What are the benefits of a self-directed IRA?
Increase the potential for growth
Opening a self-directed retirement account gives you the freedom to invest in almost any type of asset – meaning you have more flexibility in the amount of risk you take on and more potential for a higher rate of return.
Take control of your own financial future
Put your knowledge and expertise of a particular industry or niche to good use. Make investment decisions based on what you know and understand to grow your retirement savings.
Protect your wealth against economic fluctuations
The ability to diversify your portfolio by investing in alternative assets such as real estate can act as a hedge against market fluctuations and volatility.
Grow your savings in a tax-advantaged account
Investing over time in a self-directed IRA that allows for tax-deferred or tax-free growth can significantly affect future wealth positively.
Funding Your IRA for Real Estate Purchase
There are several ways to approach investing in real estate with your retirement funds. Here are a few examples:
A direct investment involves purchasing a physical property and collecting the income generated within your self-directed retirement account. It is the simplest and quickest way to use liquid assets in your retirement account. Your IRA pays cash for the investment property and holds title to the property. Rules about prohibited transactions apply to direct real estate investments. Please make sure you understand these rules to avoid potentially significant tax penalties.
You can partner your IRA with personal funds or other IRA funds. You can also partner with other people’s IRAs or their personal funds. You divide the investment according to each investor’s contribution. This will also split the profits and expenses for the investment, with each investor securing a percentage of the expense or return.
Your IRA borrows money to purchase a property with a non-recourse loan and the leveraged property is held in your IRA. This sort of credit cannot be obtained by going through traditional means.
A limited liability company, or LLC, is an entity often formed and used to purchase real estate in an individual’s IRA using IRA assets as a funding source. The IRA holds an interest in an LLC. The title of the property is held in the name of the LLC. For more information on LLCs.
Running Out of Funds
If there is insufficient cash to cover property expenses, you, as the IRA holder, have the option to rent the property, transfer funds from another IRA, make a contribution, or liquidate other IRA assets to pay the expenses.

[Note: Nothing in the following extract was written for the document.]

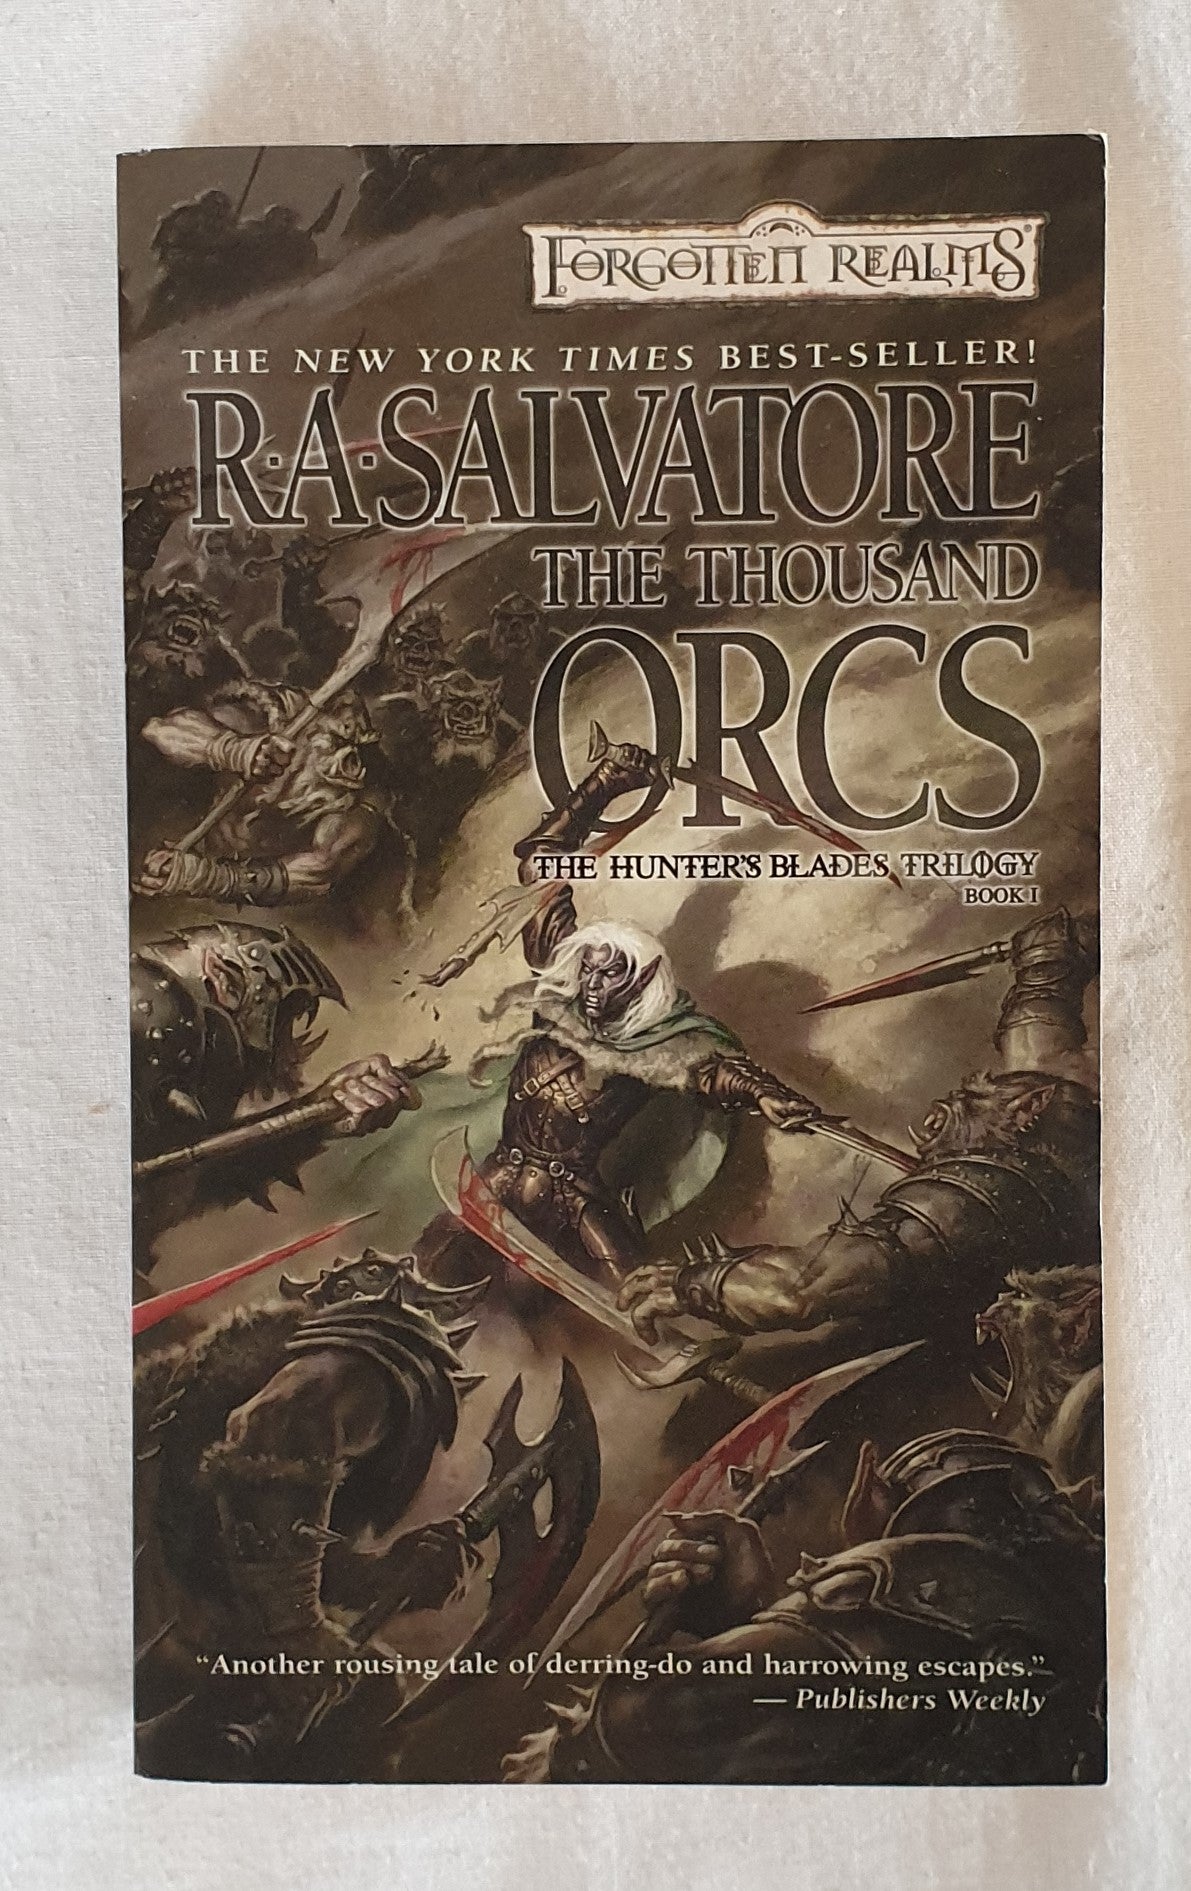 The Thousand Orcs by R. A. Salvatore

Real Estate IRA Purchasing
How Investing in Real Estate with an IRA Works
In a Real Estate IRA, the property becomes an asset of your IRA. This means your IRA owns it. You do not own it, personally, nor can you use it for personal reasons. It’s important to stress that since the IRA directly owns the asset, the IRA holder cannot benefit from the asset. You, as the account holder, cannot live in the property or use it as a vacation home, for example. The property is held for the exclusive benefit of the IRA. Also, your IRA cannot purchase a property from you or any disqualified person.
Visit our Learning Center for information regarding disqualified persons and prohibited transactions in a Real Estate IRA. Title companies, financial professionals, and local Realtors and real estate agents and brokers who are familiar with self-directed IRAs are a good source for information.
The Real Estate Investment Process
You can purchase a number of real estate-related investments with an IRA. The process is fairly straightforward:
1. Open and fund a self-directed retirement account with The Entrust Group.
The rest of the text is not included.